Now, according to the question, the sum of the squares $ x $ and $ x + 1 $ is 365. So, the equation is written as: $ {x^2} + {(x + 1)^2} = 365 $.

Solve the equation $ {x^2} + {(x + 1)^2} = 365 $ by using the splitting the middle term method to determine the value of $x$ as:

$

{x^2} + {(x + 1)^2} = 365 \\

{x^2} + {x^2} + 2x + 1 = 365 \\

2{x^2} + 2x + 1 - 365 = 0 \\

2{x^2} + 2x - 364 = 0 \\

{x^2} + x - 182 = 0 \\

$

Now, split the middle term into two parts such that the sum will be the coefficient of $ x $ and the product will be the product of the coefficient of $ {x^2} $ and $ {x^0} $.

$

{x^2} + 14x - 13x - 182 = 0 \\

x(x + 14) - 13(x + 14) = 0 \\

(x + 14)(x - 13) = 0 \\

x = 13, - 14 \\

$

As the question is asking for the positive consecutive numbers only, so drop $ x = - 14 $ and the desired value of $ x $ is 13.
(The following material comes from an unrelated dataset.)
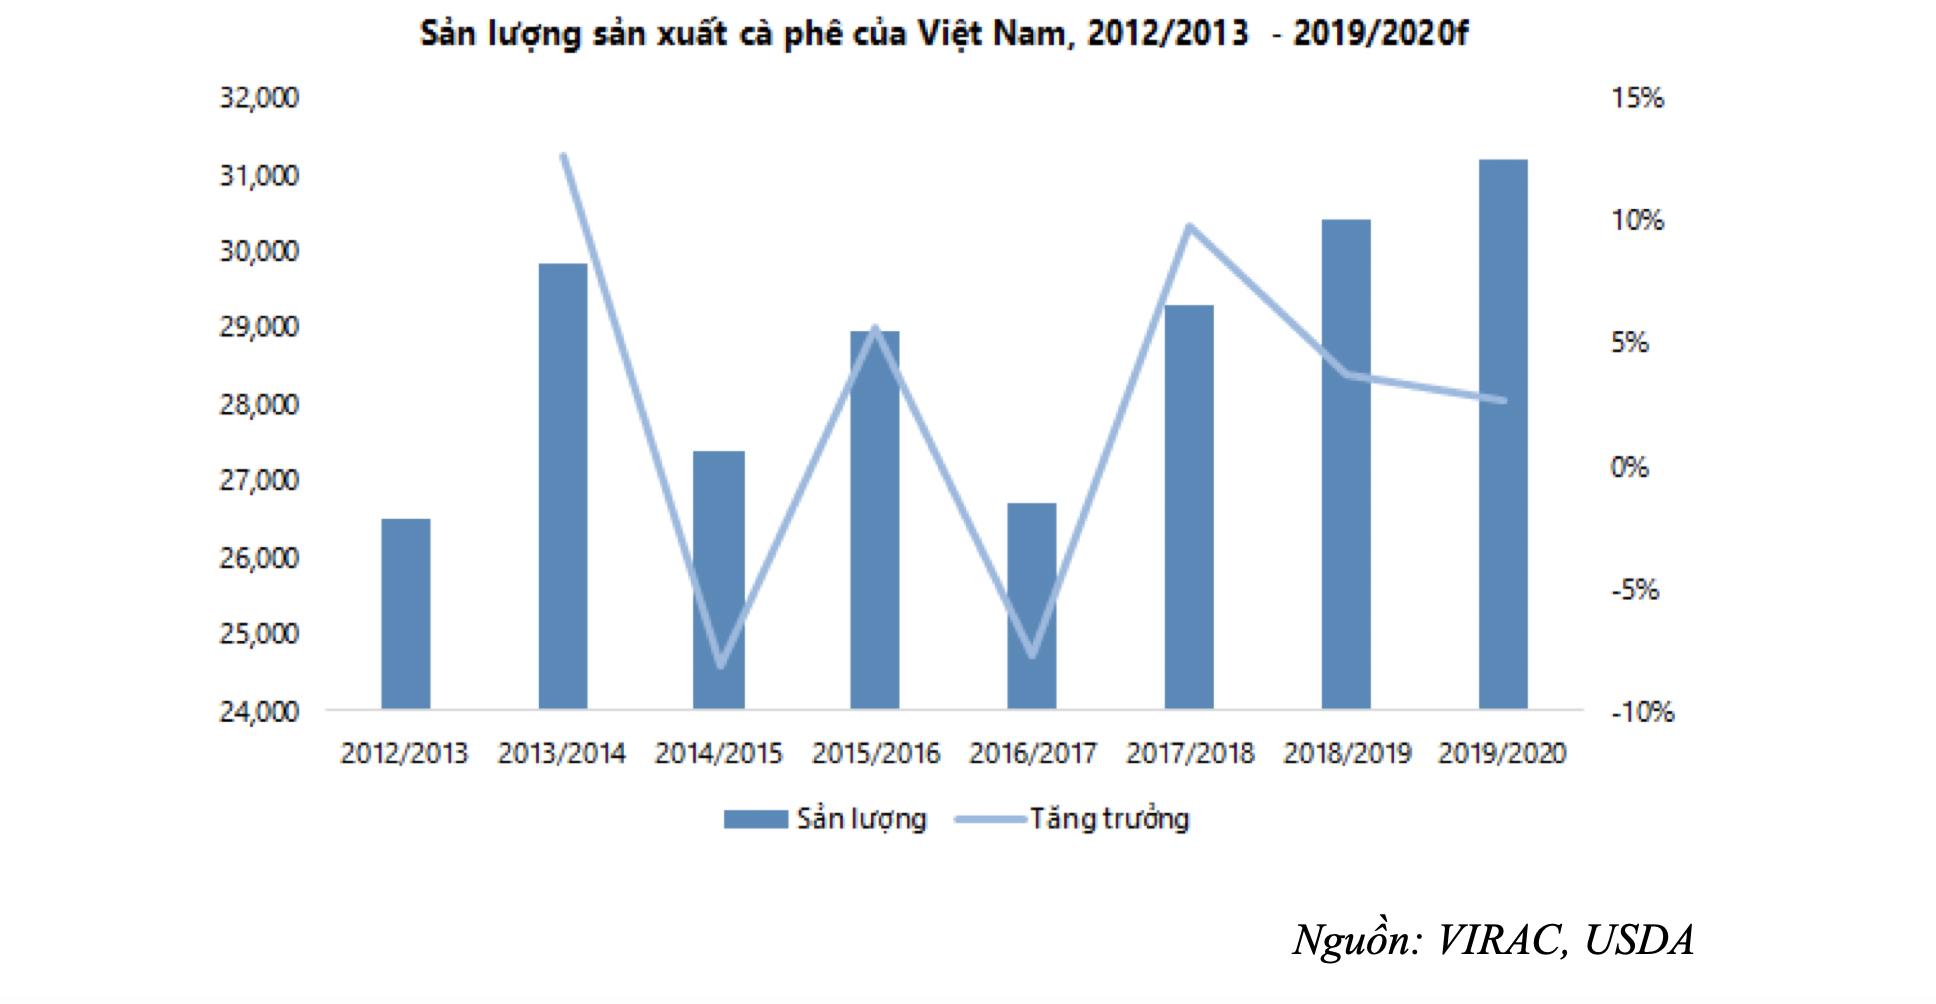 Sản lượng giảm nhưng giá cà phê Việt Nam vẫn chưa thể phục hồi  - Ảnh 1.
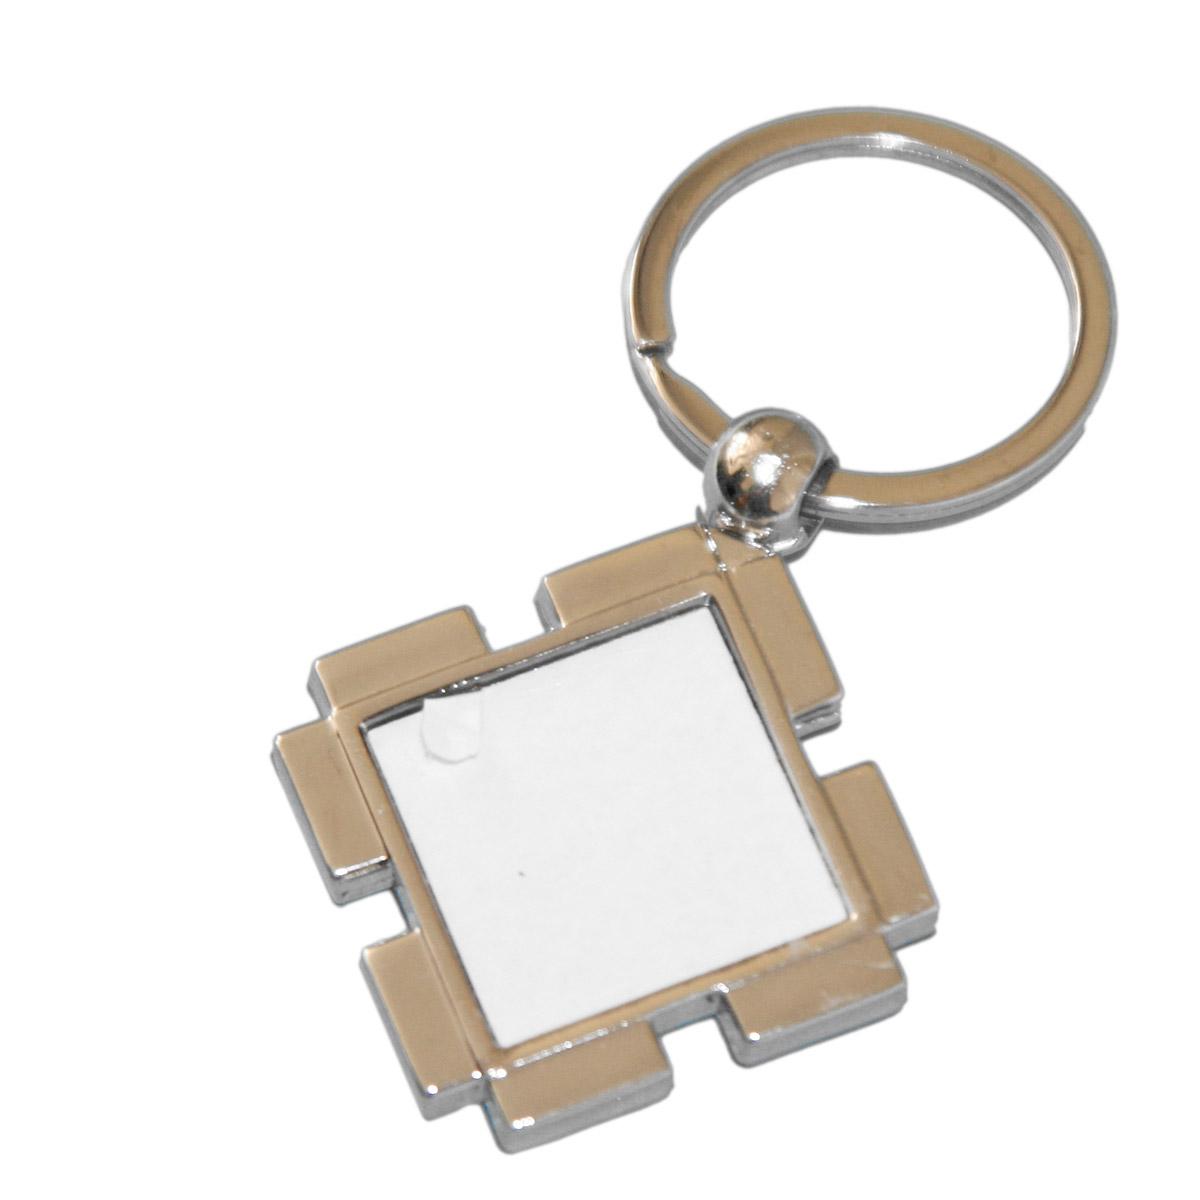 Brelok metalowy kwadratowy do sublimacji

Now, substitute $ x = 13 $ in the function $ x + 1 $ so as to determine the value of the second number as: $ x + 1 = 13 + 1 = 14 $.

Hence, 13 and 14 are two consecutive positive integers, the sum of whose square is 365.

1,2,3,4,… is a series of general, consecutive numbers.

2,4,6,8,… is a series of even consecutive numbers.

1,3,5,7,… is a series of odd consecutive numbers.